Transitioning Transfers to Columbia

By Ivana Hester

The rising cost of higher education has many students searching for affordable alternatives, such as attending community college to complete general education classes before transferring to a four-year institution.

To attract these transfer students, Columbia launched an initiative at the beginning of the year to make transfer students’ transition more seamless and create a more transfer-friendly community, according to Keri Walters, head of the initiative and assistant dean for faculty advising in the School of Fine & Performing Arts.

“We want students who are interested in coming to Columbia … to be able to readily see how the work they have already done would map onto Columbia’s requirements,” said Louise Love, interim Provost and vice president for Academic Affairs.

The initiative follows the lowest transfer student enrollment numbers since 2004. According to the college’s General Summary Report of Student Registration, there were a total of 1,258 transfer students at Columbia in 2012, down from 1,614 in 2011 and 1,573 in 2010. Enrollment at Columbia slipped 7.2 percent from 2011 to 2012, while the number of transfer students enrolled dropped 22 percent during the same period.

To help increase transfer student enrollment, Walters chaired a committee last spring focused on possible changes to improve the current transfer student evaluation process.

The committee was composed of Andrew Whatley, assistant dean for faculty advising and LAS Initiatives in the School of Liberal Arts & Sciences; Pattie Mackenzie, assistant dean for faculty advising in the School of Media Arts; Susan Sindlinger, director of degree evaluation; and Patrick Fahy, director of admissions and recruitment in the Undergraduate Admissions Office.

According to Walters, the committee produced a report called “Strategies for Transfer Student Success,” which was later broken down into five points that should be implemented in May 2013.

The first point requires an update of the courses and academic requirements Columbia will accept for credit from various community colleges students are transferring from, Walters said. This will allow transfer students to see which courses will count toward their major at Columbia, something Walters said was happenstance in the past.

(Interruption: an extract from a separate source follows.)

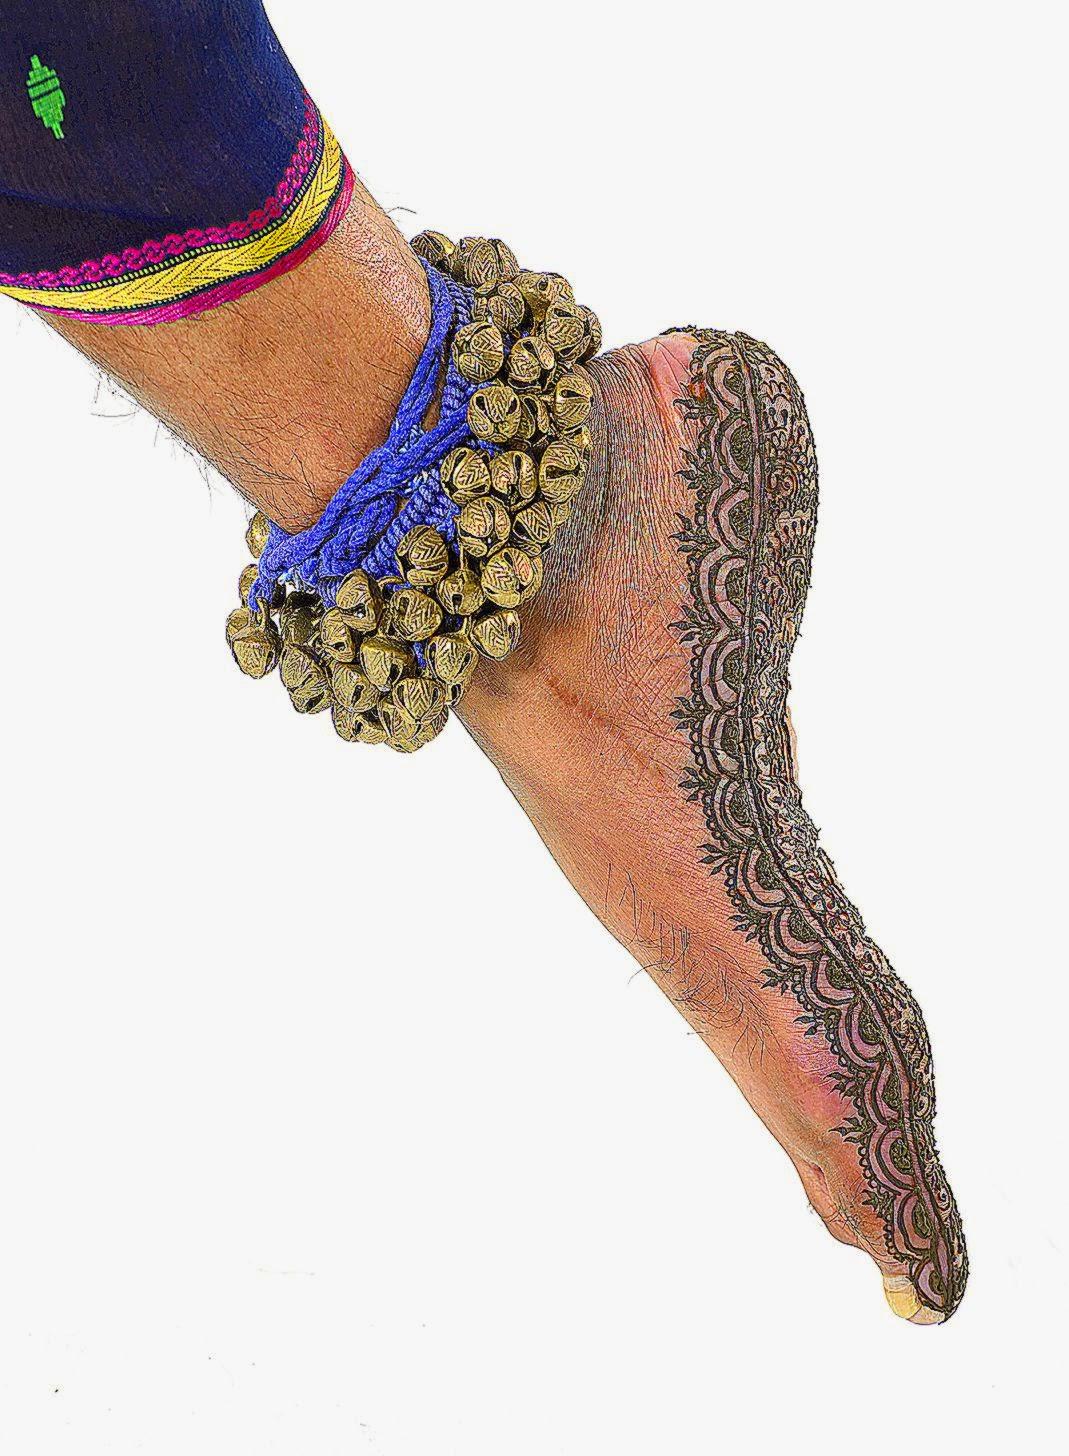 Henna and Body Art
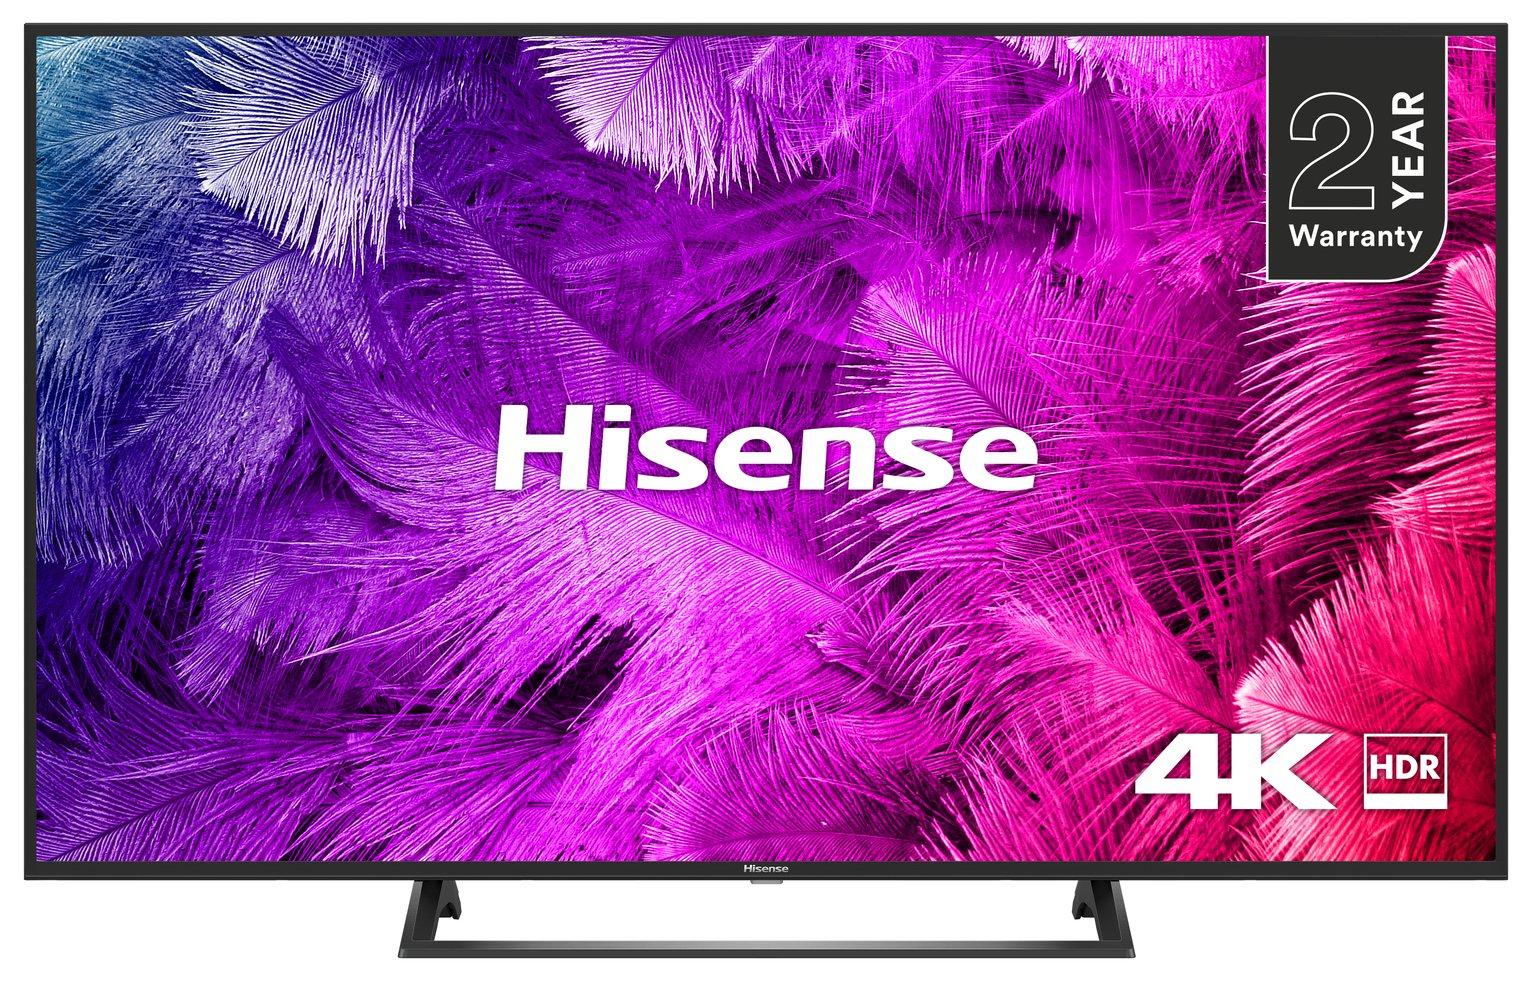 Hisense 50 Inch H50B7300UK Smart 4K HDR LED TV 2019 + 2 year warranty £349 @ Argos

Walters said the second step in the initiative is for the college to purchase the online program u.select, a website which allows transfer students to view the equivalency of their community college courses to Columbia’s. She said many colleges and universities use the website.

Additionally, the college hopes to form strategic bonds with the 18 feeder schools the majority of transfer students come from, Walters said.

These bonds would be with faculty, staff and administrators and would hopefully include onsite visits to the community colleges by Columbia faculty members,she said.

“[The initiative] is a proactive approach to what is already happening,” Walters said. “[The visits] will lessen any surprises students may face when they get here and will make the whole transfer process more seamless.”

The fourth step in the initiative will be a review of transfer credits and how classes taken at community colleges can transfer to a student’s major at Columbia. According to Walters, this is already in place, but the goal is to systematize it on a larger scale.

Lastly, the college would like to implement transfer-friendly programs at the college. Walters said she plans to launch a website that acts as an online transfer center on which students can plan their college career path two years before transferring.

“Certainly the school is always watching trends, both in our own enrollment and in national enrollment and is reacting to [them],” said Murphy Monroe, executive director of admissions at the Undergraduate Admissions Office. “It is essential that [transfer students] understand how their previous work will fit into their Columbia experience.”

According to Walters, the committee modeled its recommendations after programs offered by DePaul University and Governors State University.

“We were able to find that [those universities] had presented at national conferences on their outstanding transfer services,” she said. “We have to keep up with best practices that other institutions are incorporating.”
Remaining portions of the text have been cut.